Hacker News new | ask | show | jobs
by wostusername 2400 days ago
You don't necessarily need something more powerful than Yacc. I think the point was that you can encode errors directly into your grammar. So for some language with semicolon statement separators you can do something like this:

    PROGRAM -> STATEMENT*
    STATEMENT -> IF-STATEMENT | ASSIGN-STATEMENT | STATEMENT-ERROR
    IF-STATEMENT -> ...
    ASSIGN-STATEMENT -> ...
    STATEMENT-ERROR -> TOKEN* SEMICOLON
The idea being that if the if-statement and assignment statement rules fail you consume tokens until the next statement separator (semicolon in our case), produce an Error node in the AST and resume parsing the next statement. This allows your parser to actually catch multiple errors in one pass since it won't die the moment it encounters something it can't parse. After parsing you scan the AST and if it has any Error nodes you spit out the relevant error messages and exit. You can get as granular with the error rules as you want, although the more you add the more unwieldy the grammar becomes.

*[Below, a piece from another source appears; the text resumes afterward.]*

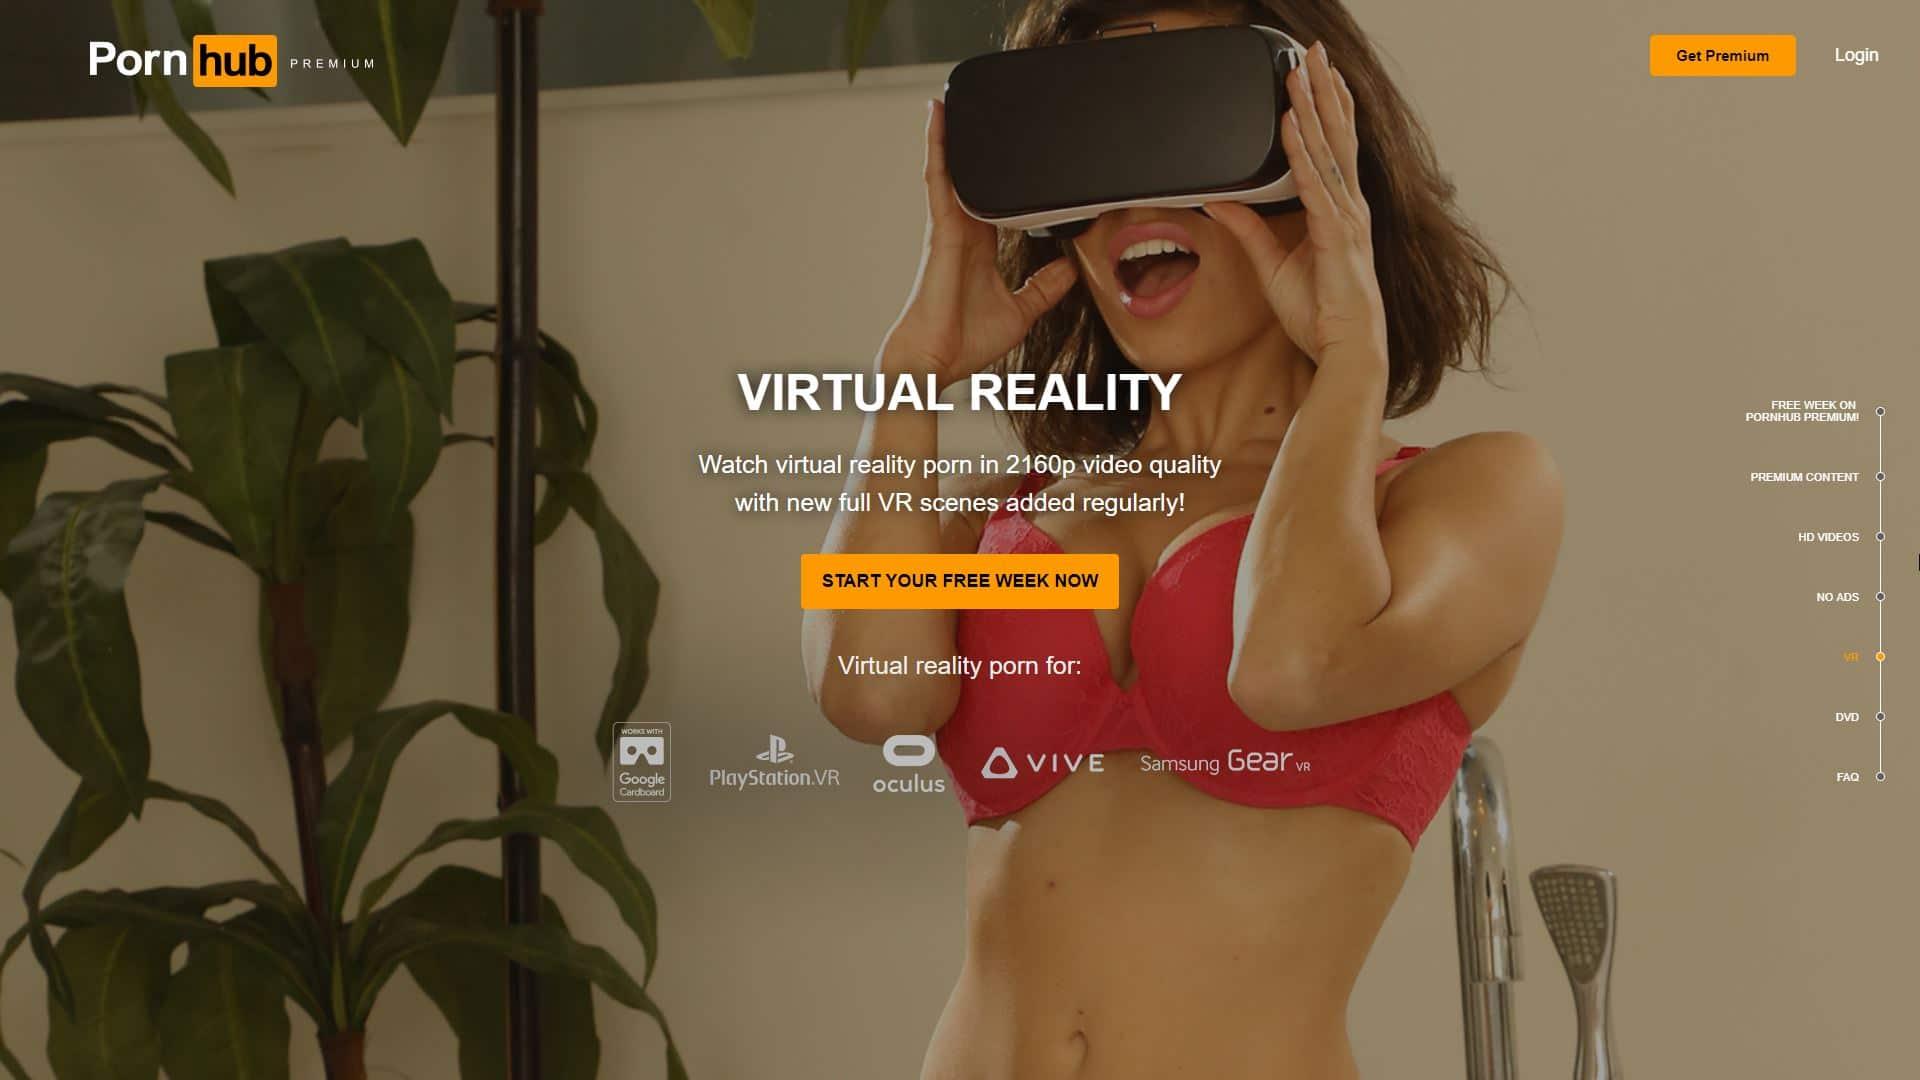 Porn Hub Indian VR
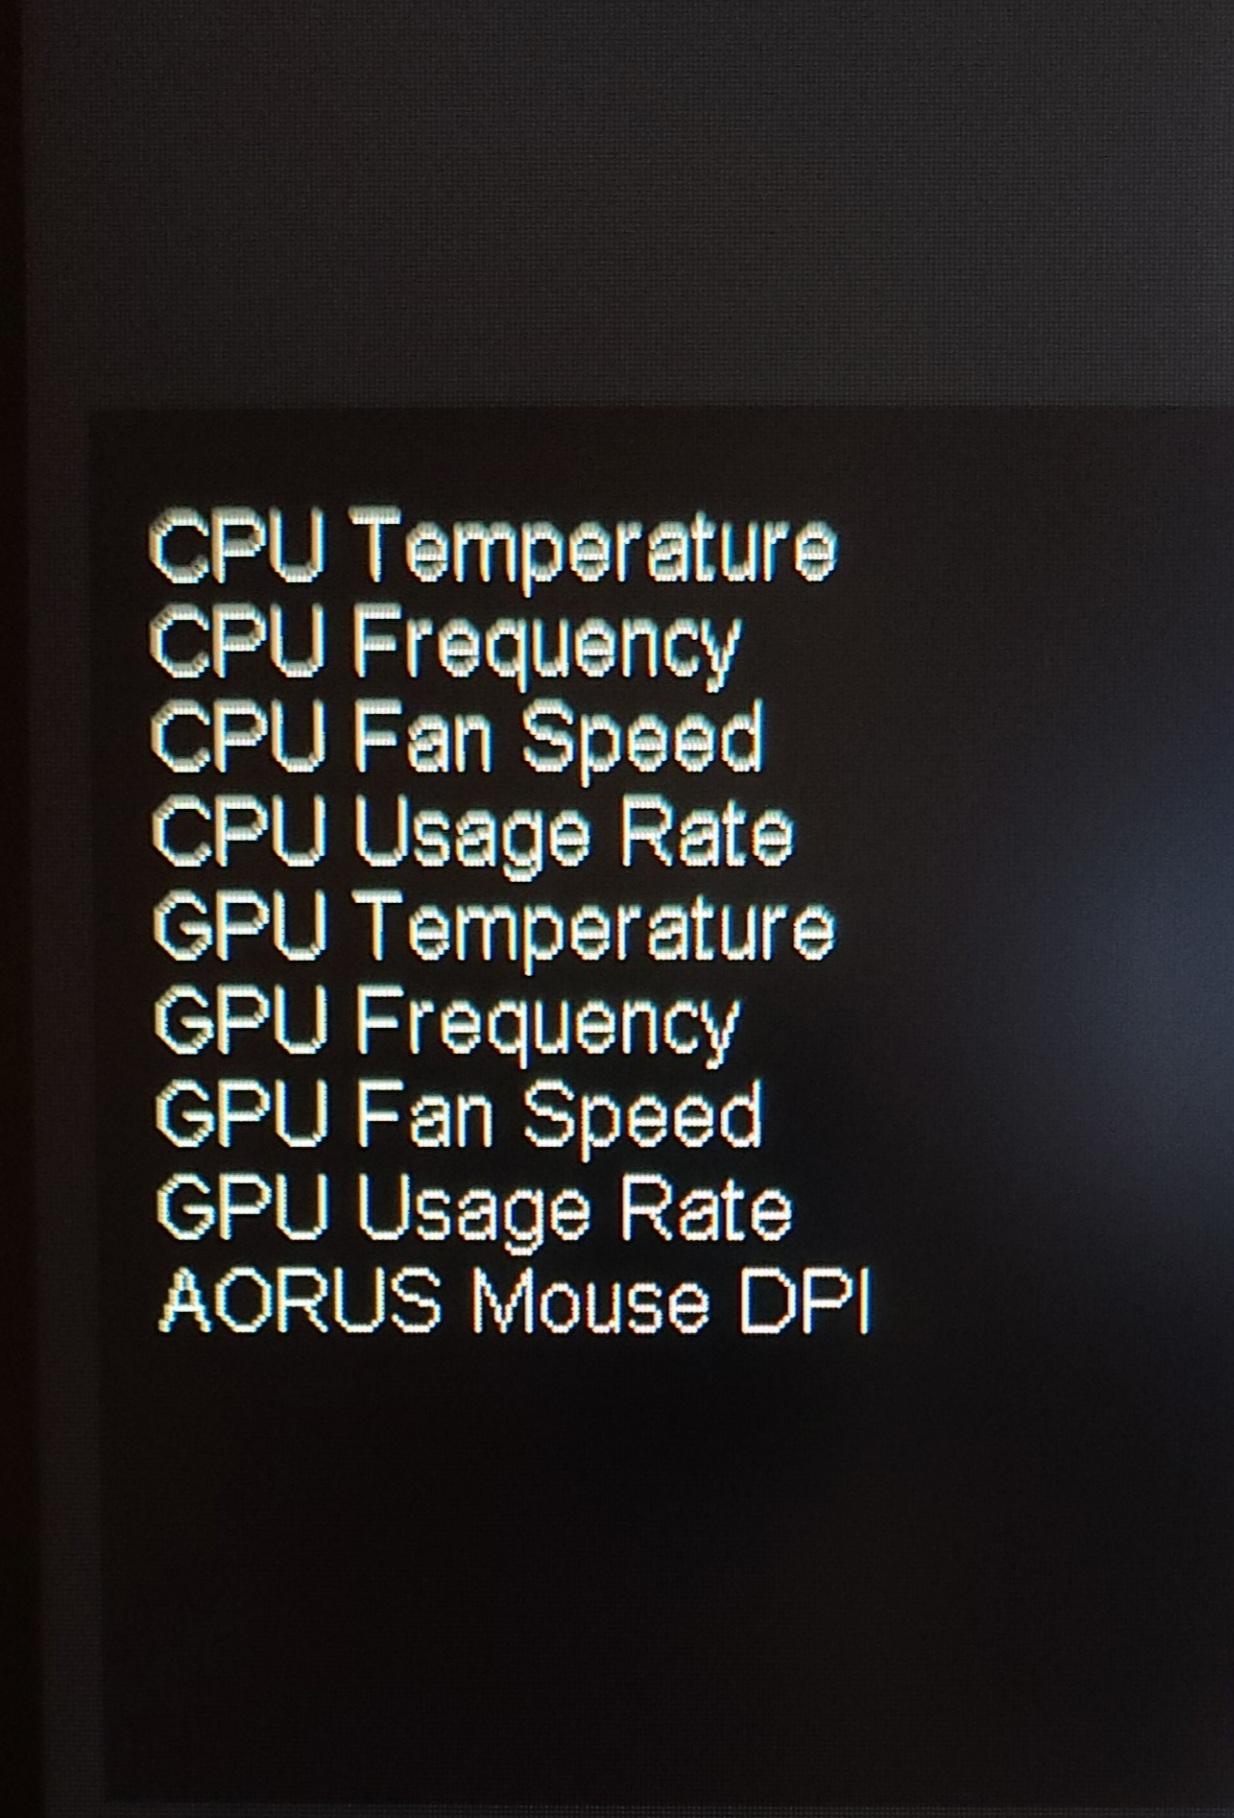 PC Overlay c74283c3-ece3-4c86-bff0-7312cda27301?upload=true.jpg

Naturally doing this in practice is harder than it sounds. Tweaking the Error rules is hard. If you consume too much or too little input you will resume in a spot that can have no chance of ever succeeding, giving way to a cascade of parse errors. I think we've probably all seen a compiler spit out a couple of dozen error messages all stemming from a single root error like a missing closing parentheses or brace.